Jumping on our big king-sized bed is a firm favourite, though forbidden fruit, everyday the law goes out but to no avail at this twilight hour. Perhaps teaching them to read, will get them to see that 'bed' and 'trampoline' have absolutely nothing in common and that 'bed' actually looks like a bed.

Usually, our ten year old is the first to sleep, then the older girls, (our elder son has his own time frame) but our dynamic duo (Miss 6 and Master 3) are burning the candle at both ends, still expending the last of their energy stores, and boy - do they have energy to spare!! 9:30pm comes and Mum (that's me) climbs into bed. Then the jumping on the bed switches to jumping on me. Master 3 decides to do a workout schedule using my legs as the apparatus, my arms and legs doing umpteen weight-lifts and push-ups, then, there are the piggybacks and horsey-rides.

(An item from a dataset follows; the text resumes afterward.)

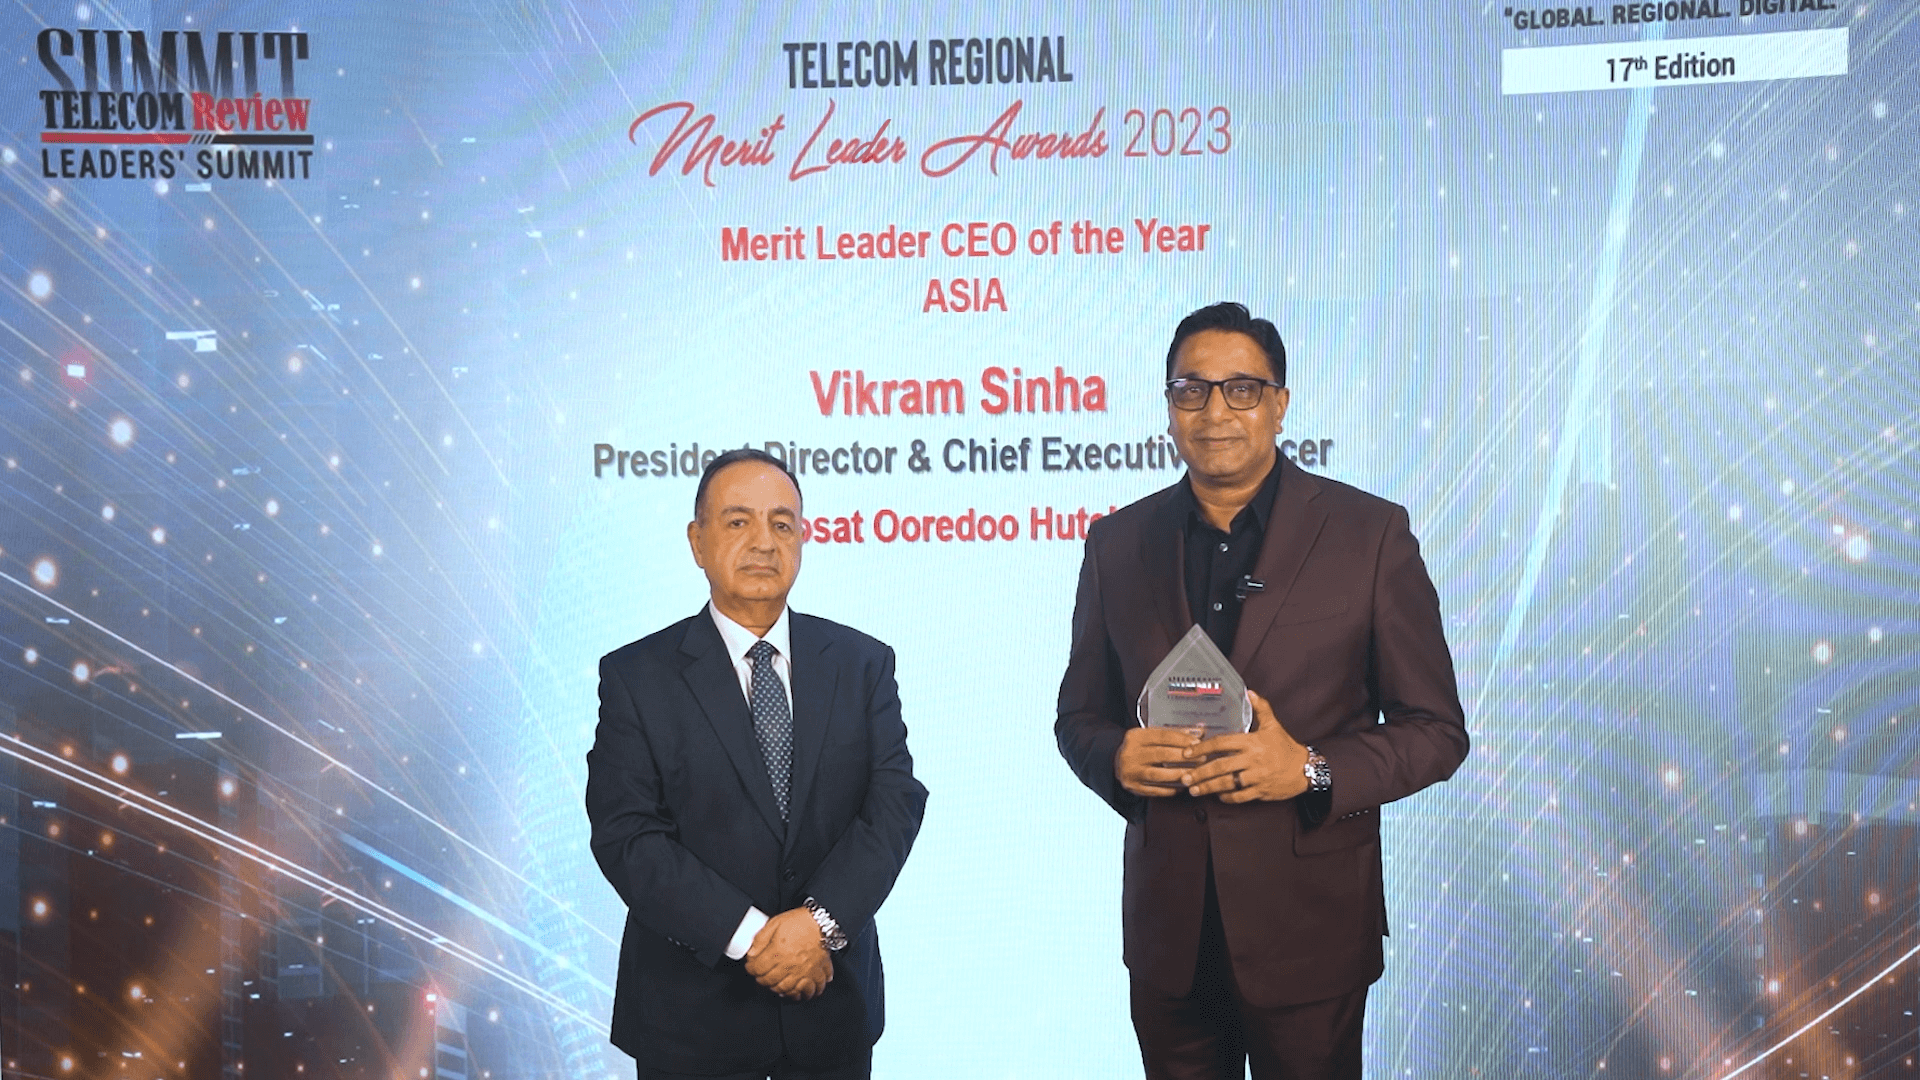 Vikram Sinha, President Director & CEO of Indosat Awarded Merit Leader CEO of the Year – Asia

On very rare occasions, it gets the better of even the main players in this whole charade. After taking his evening bath one night, Master 3 throws himself a fit of a tantrum! Big sister marches him in, in front of me with a look of 'Do something about it Mum' in her eyes. Tantrums are definite no-nos and normally after a firm reprimand, he corrects himself, but this was monster-sized and nothing was working. Finally having to raise my voice above the crescendo, I ordered him to go straight to bed. He climbs into bed still making a ruckus of noise and then he suddenly says: 'I'm sorry, Mummy', amid "aahh haaaa"s. (Funny creatures 3 year olds, aren't they?! God certainly has a sense of humour and throws the humour in at the mostly unlikely times). I stroked his hair and lay down beside him, ‘It's time to calm down little man’, I said. Within a few seconds, he was asleep.

With 7 kids down the track, you’d think I would have a bedtime routine down to pat, but no, even when my 16 year old was only 2, I never dreamed that it would succumb to the ‘old car-ride around the block’ routine but with her it was either that,or bed at after midnight.

But one thing that continues to amaze me and puzzle me at the same time, is that my husband has this knack of just saying the word ‘sleep’ and they are out like a light immediately. Now just how does he do it?!!

That’s just the kids, now the husband….We both work long hours and are constantly at the beck and call of others (no it is not just the kids either). It appears the only time that we are undisturbed is in the early hours of the morning. Somehow God designed our body clocks to awaken at precisely the same time, at 4am!! Usually it is for a middle of the night visit to the toilet, but many-a-time woe to me if hubby sees I am awake, he will take the 'opportunity' to dictate some letters with me in the still of the night.

Despite burning the midnight oil most nights, I still manage to get up at my usual 5:45am wake up call, - besides, a woman needs her ‘quiet’ time too.